Знаю, каков должен быть ответ, и знаю, какого ответа хотел бы я сам.
— Все немного сложнее, — говорит Кэмми за меня.
— Вы имеете в виду, что должны пожениться или что-то вроде такого, чтобы узаконить все это?
— Это один из способов, да, — соглашается Кэмми. — Но…
— Понятно, — говорит Эвер.
— Я наполовину ответственен за то, что ты живешь в этом мире, и уже только по этой причине всегда буду твоим отцом. Все будет узаконено в свое время, хорошо?
— Хорошо, — говорит она, чуть дергая плечами. — Я хочу есть.
Эвер меняет тему, напоминая мне, что она — подросток, поднимается из-за стола и идет на кухню, чтобы насыпать себе миску хлопьев.
— Папа! — кричит Гэвин. — Папа, папа, папа!
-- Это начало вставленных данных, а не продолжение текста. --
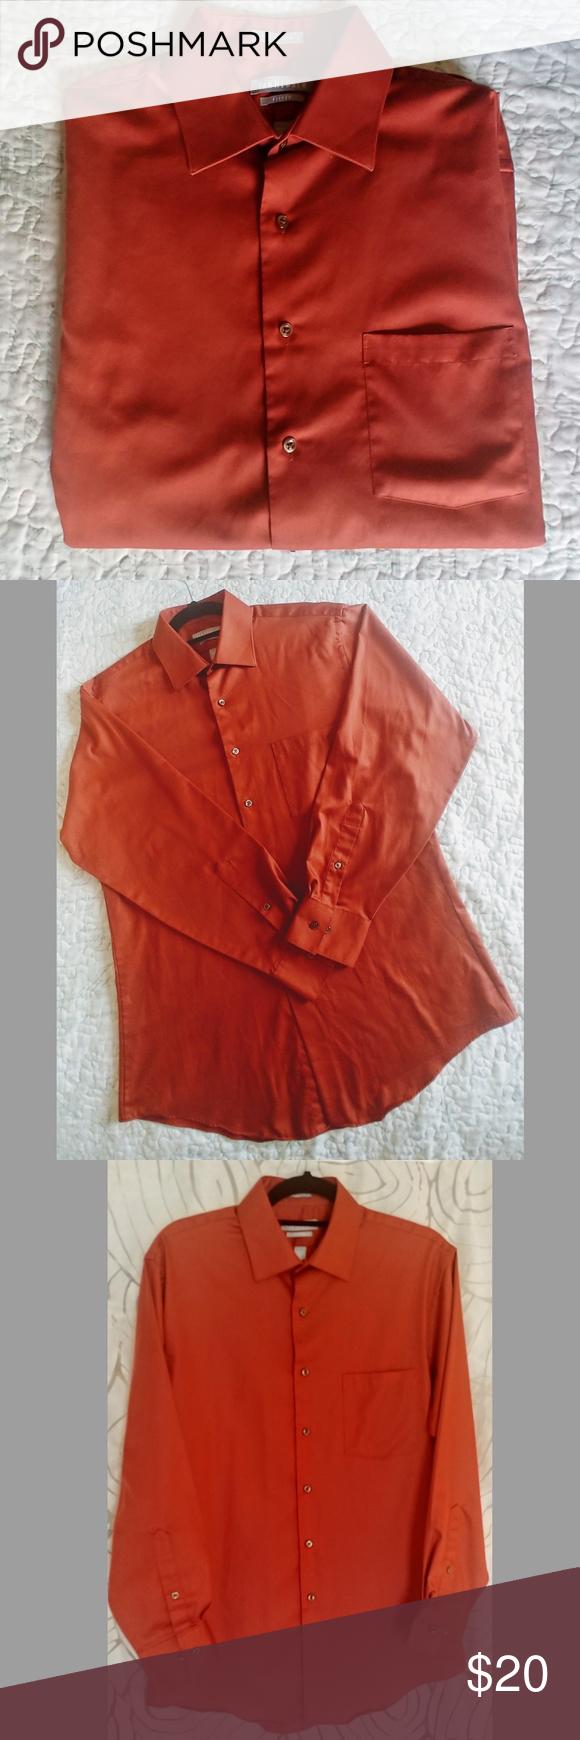 Van Heusen Mens Dress Shirt Van Heusen Mens Dress Shirt Fitten Lux Sateen Size 16 32 33 Burnt Orange Color In Wonderf Mens Shirt Dress Clothes Design Fashion [ 1740 x 580 Pixel ]

Вбегаю в другую комнату и вижу Гэвина почти в слезах. Он выглядит потерянным, наверное, и в четыре утра он был растерян, но тогда хотя бы было темно. Теперь же ему ясно, что он в комнате, в которой никогда до этого не был.
— Я здесь, дружочек.
Вынимаю его из кроватки и быстро меняю подгузник. Схватив сумку с подгузниками, я тащу и ее на кухню, чтобы накормить Гэвина какой-нибудь едой.
— Он любит яйца? — спрашивает Кэмми.
— Наверняка больше, чем сухие хлопья, — смеюсь я.
— Яйца! — вопит Гэвин.
— Я сделаю тебе самый вкусный омлет, — нежно говорит ему Кэмми.
Гэвин кричит в экстазе и извивается в моих руках, пытаясь слезть на пол. Он бежит к Кэмми и обхватывает ее ноги своими ручками, пока она колет яйца в миску.